YOUR INSTRUCTIONS: Your answer must consist of exactly the lines below, starting with the line with "Round Shape SurePromise" and going on through the line with "Potato Pancakes with", and nothing else.

TASK DATA:
......
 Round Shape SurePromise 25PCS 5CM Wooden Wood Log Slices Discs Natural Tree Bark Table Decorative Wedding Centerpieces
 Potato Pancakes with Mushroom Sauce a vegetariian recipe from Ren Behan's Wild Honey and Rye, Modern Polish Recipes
......
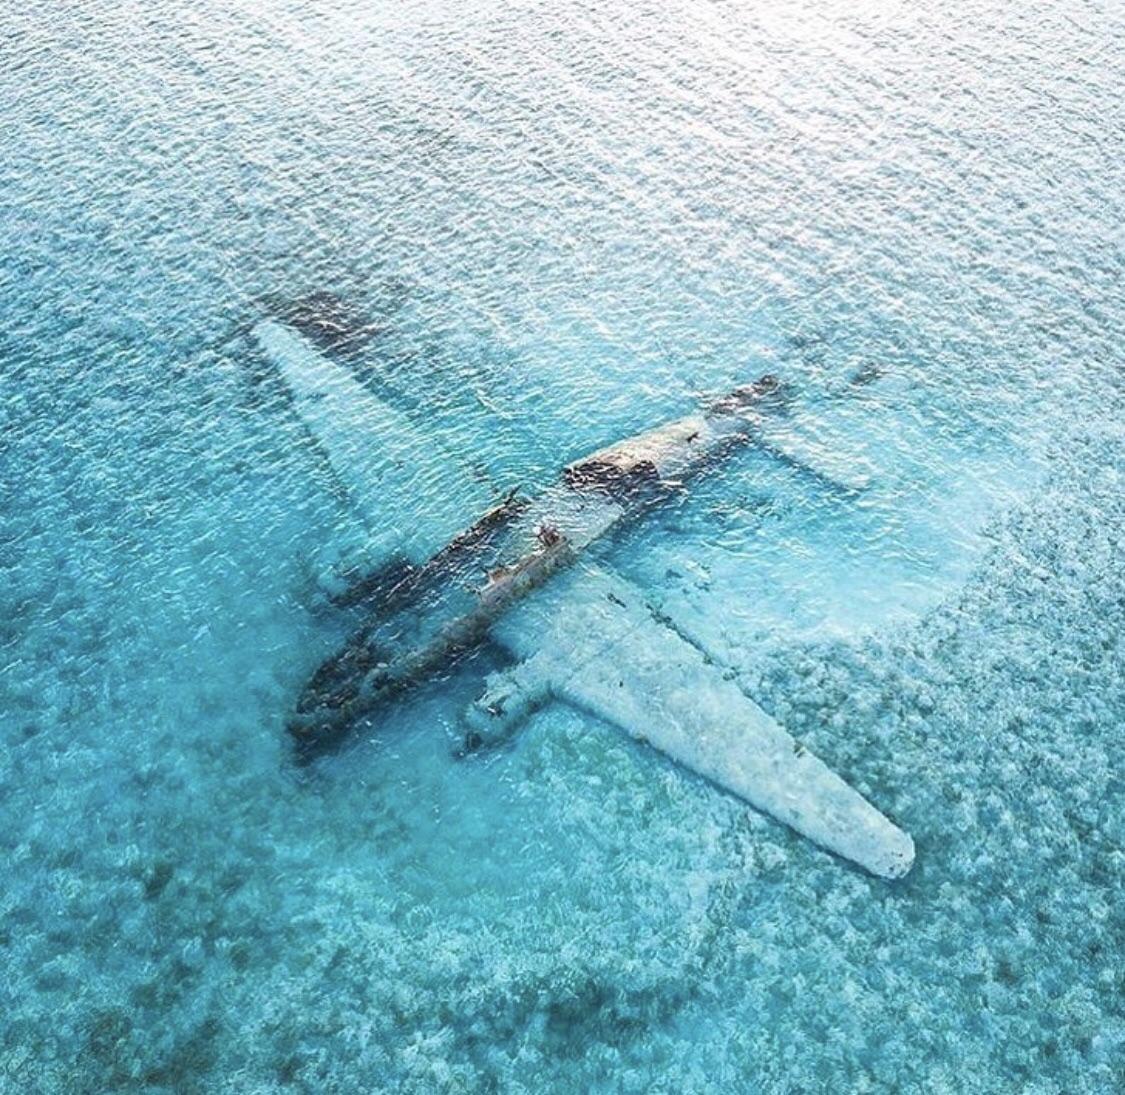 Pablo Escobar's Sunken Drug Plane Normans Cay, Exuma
......
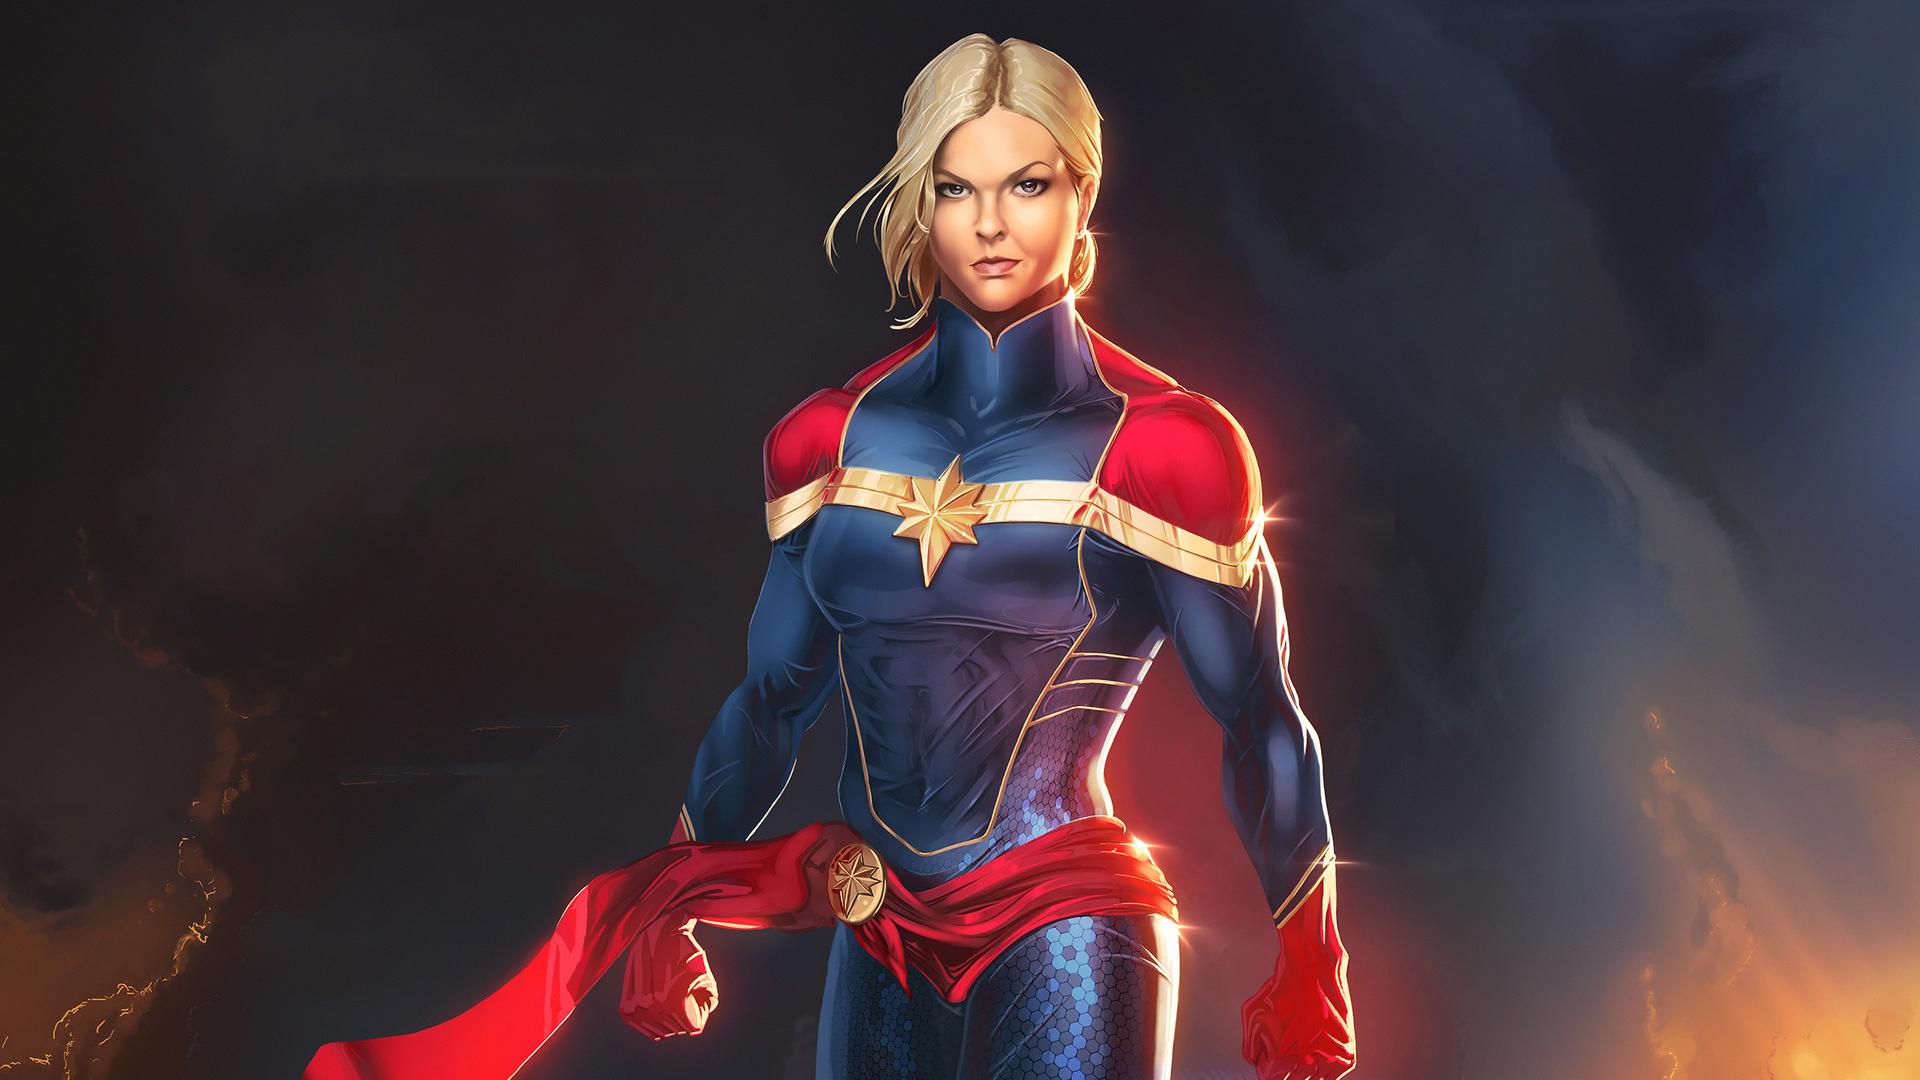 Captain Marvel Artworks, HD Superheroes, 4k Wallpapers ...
......
OUTPUT BELOW:
 Round Shape SurePromise 25PCS 5CM Wooden Wood Log Slices Discs Natural Tree Bark Table Decorative Wedding Centerpieces
 Potato Pancakes with Mushroom Sauce a vegetariian recipe from Ren Behan's Wild Honey and Rye, Modern Polish Recipes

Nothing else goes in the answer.